* What you are asked to do:
Write every entry out again with no changes, and leave the images behind.

•••••

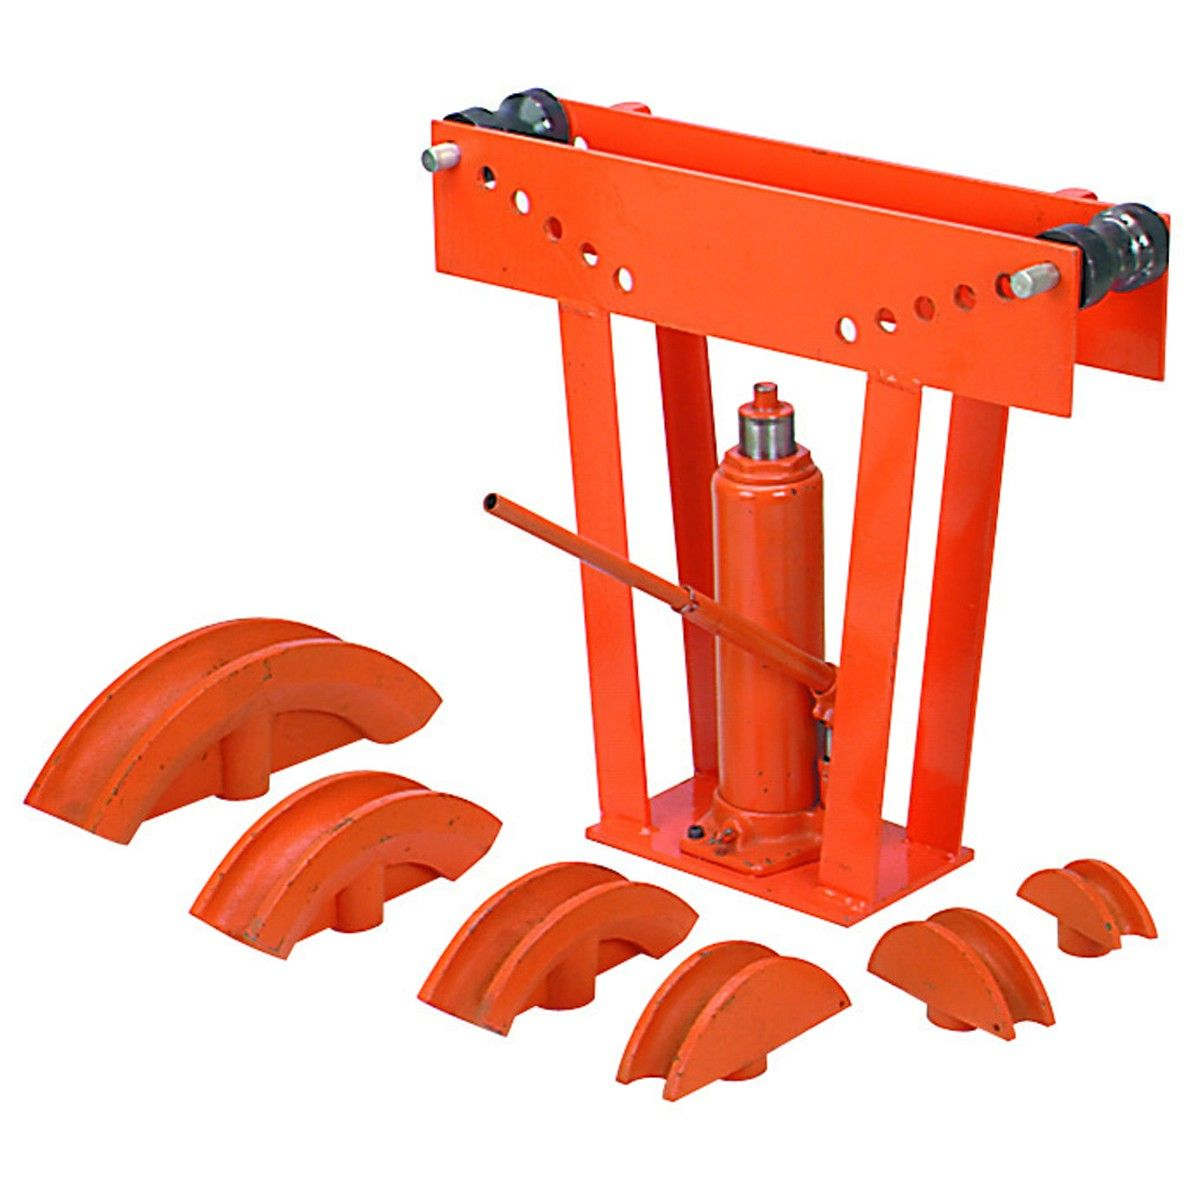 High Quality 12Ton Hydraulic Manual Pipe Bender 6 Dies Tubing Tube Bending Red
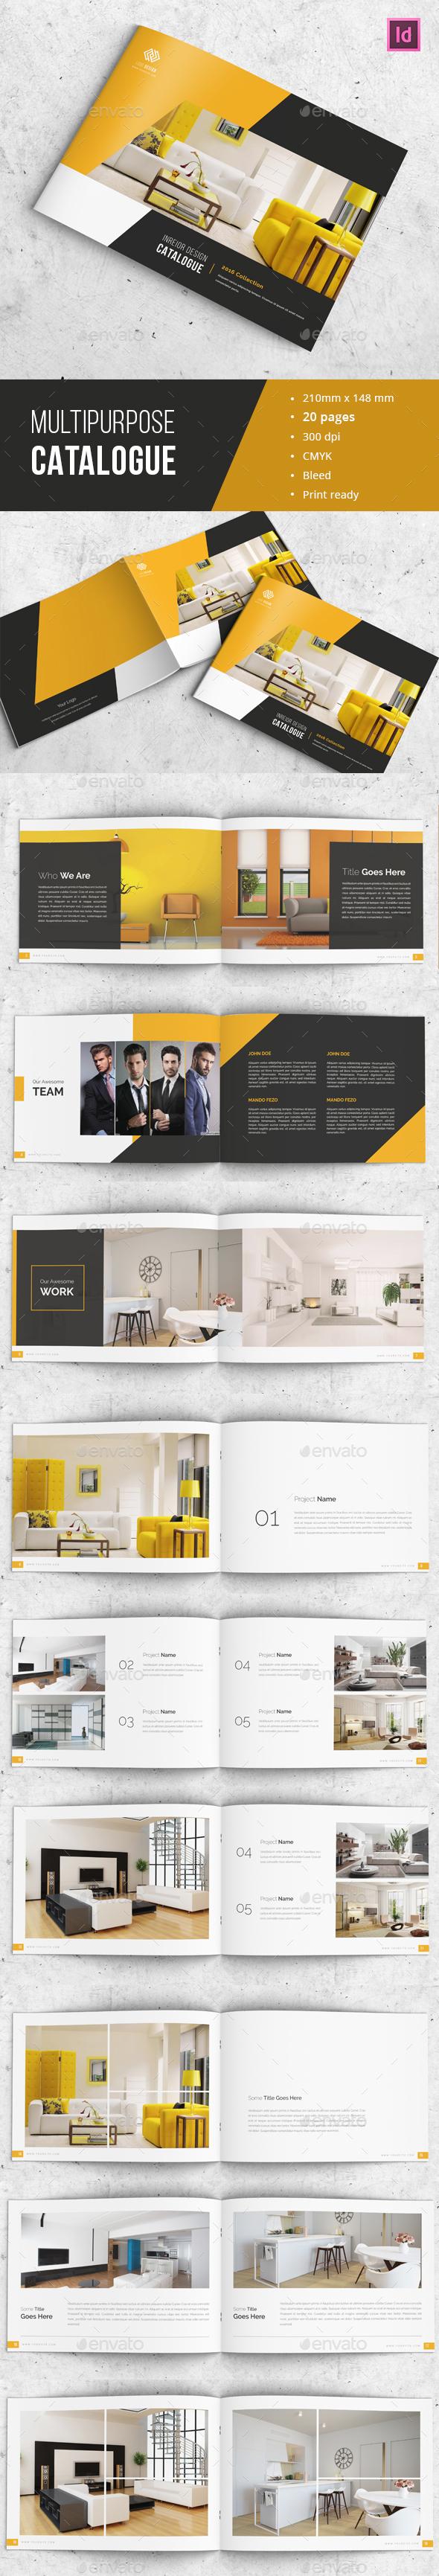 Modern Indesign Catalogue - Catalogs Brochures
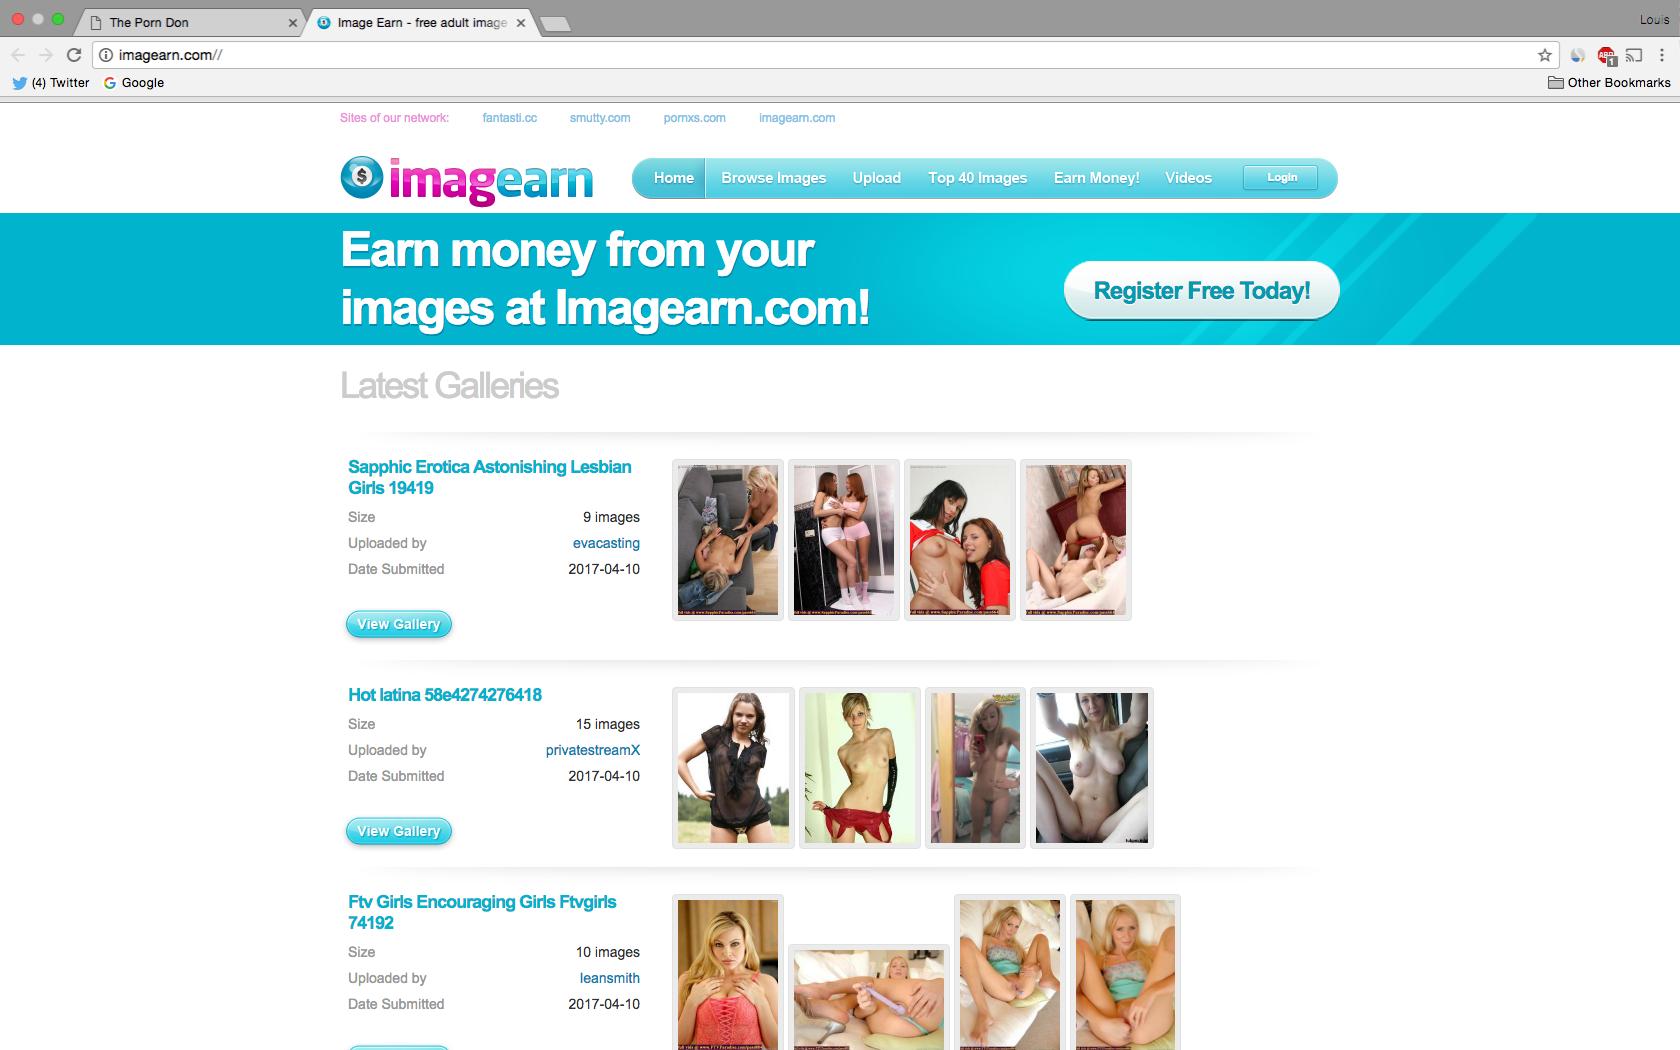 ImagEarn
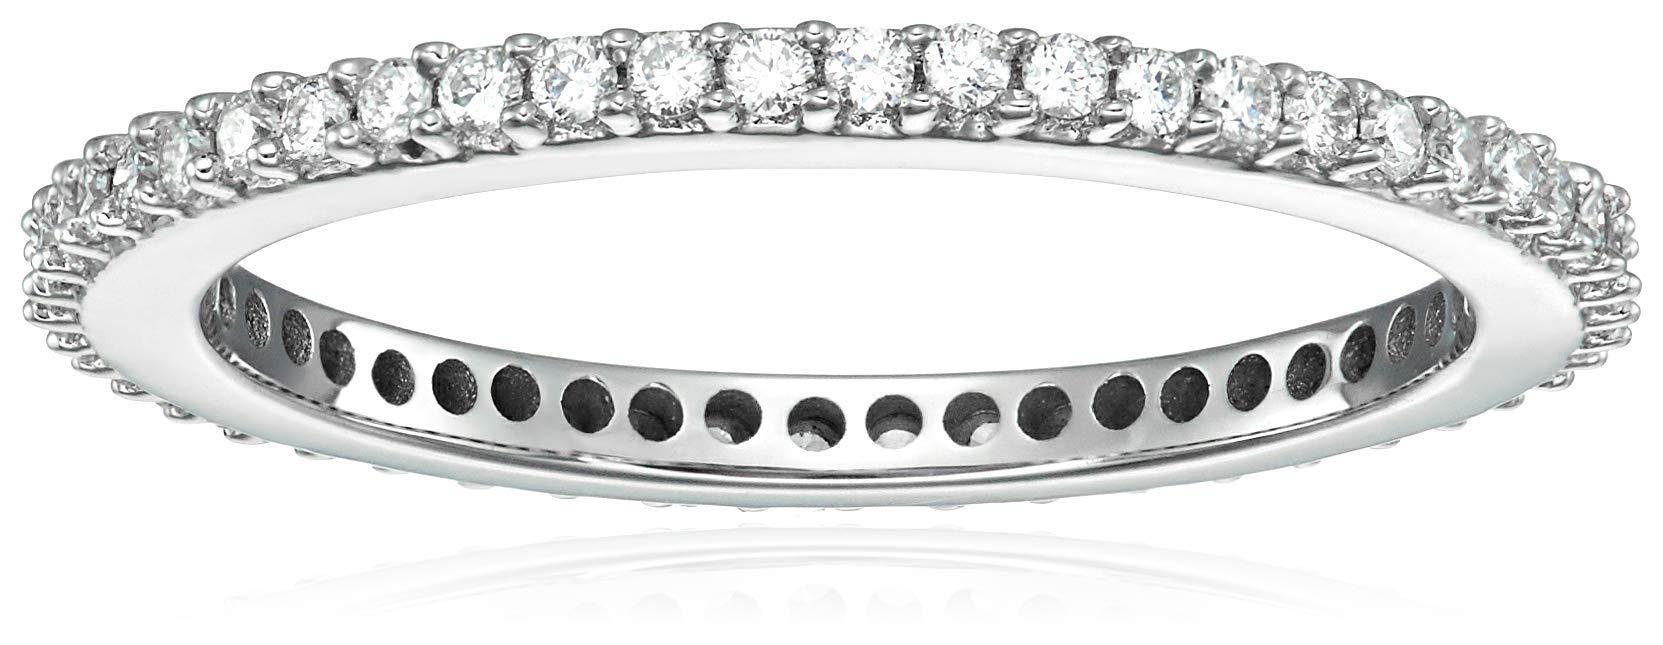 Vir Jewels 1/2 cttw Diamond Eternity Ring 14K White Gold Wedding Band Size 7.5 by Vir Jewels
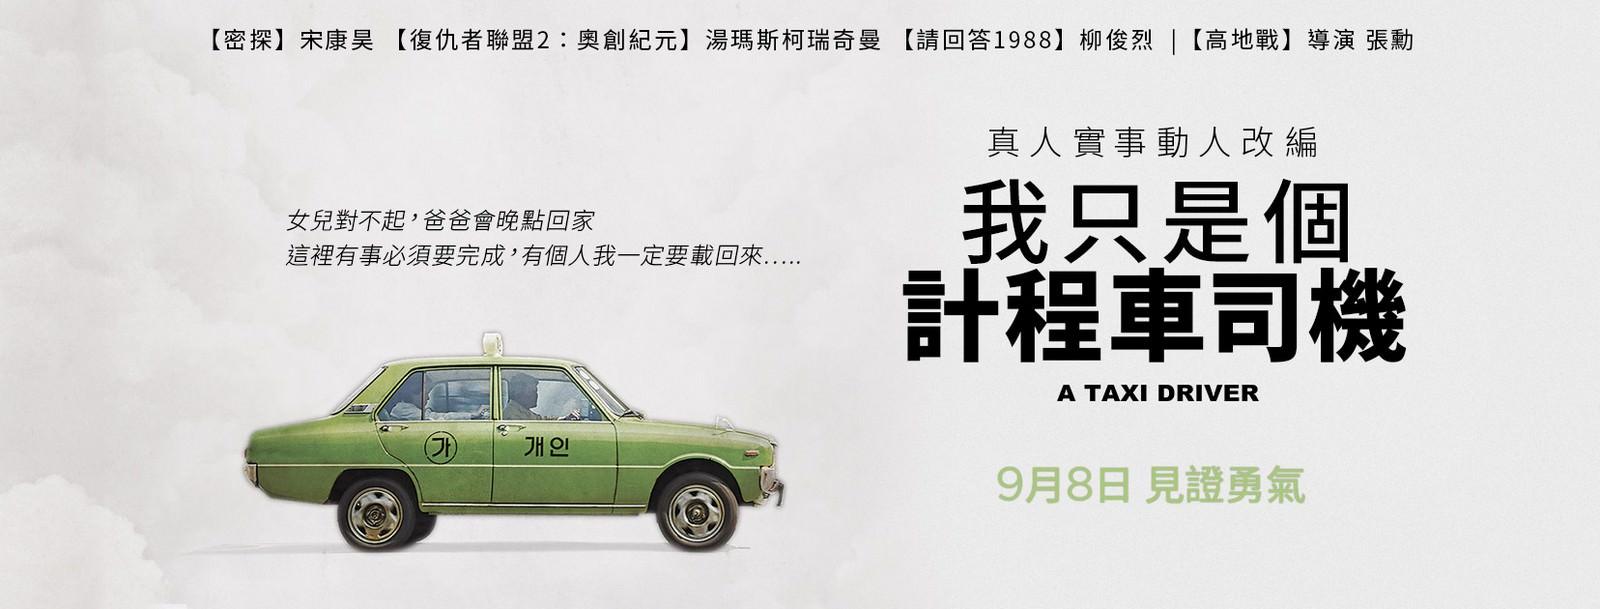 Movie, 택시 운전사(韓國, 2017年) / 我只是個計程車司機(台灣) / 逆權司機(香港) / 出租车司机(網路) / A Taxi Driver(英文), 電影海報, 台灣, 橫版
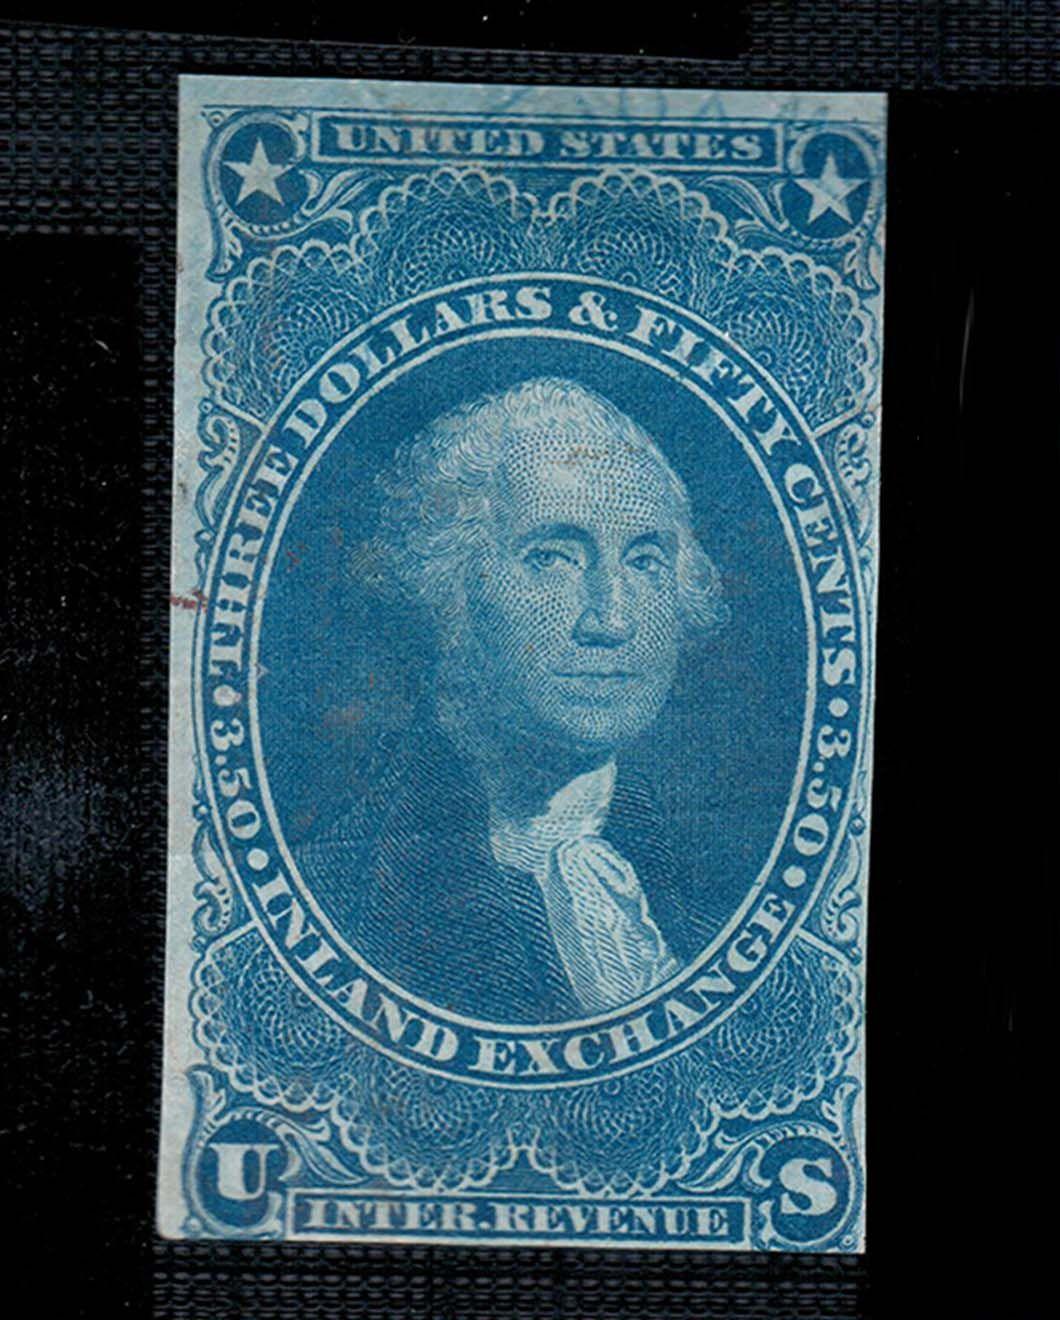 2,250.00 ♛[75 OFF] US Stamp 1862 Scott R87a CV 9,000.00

•••••

* Output:
 High Quality 12Ton Hydraulic Manual Pipe Bender 6 Dies Tubing Tube Bending Red
 Modern Indesign Catalogue - Catalogs Brochures
 ImagEarn
 Vir Jewels 1/2 cttw Diamond Eternity Ring 14K White Gold Wedding Band Size 7.5 by Vir Jewels
 Movie, 택시 운전사(韓國, 2017年) / 我只是個計程車司機(台灣) / 逆權司機(香港) / 出租车司机(網路) / A Taxi Driver(英文), 電影海報, 台灣, 橫版
 2,250.00 ♛[75 OFF] US Stamp 1862 Scott R87a CV 9,000.00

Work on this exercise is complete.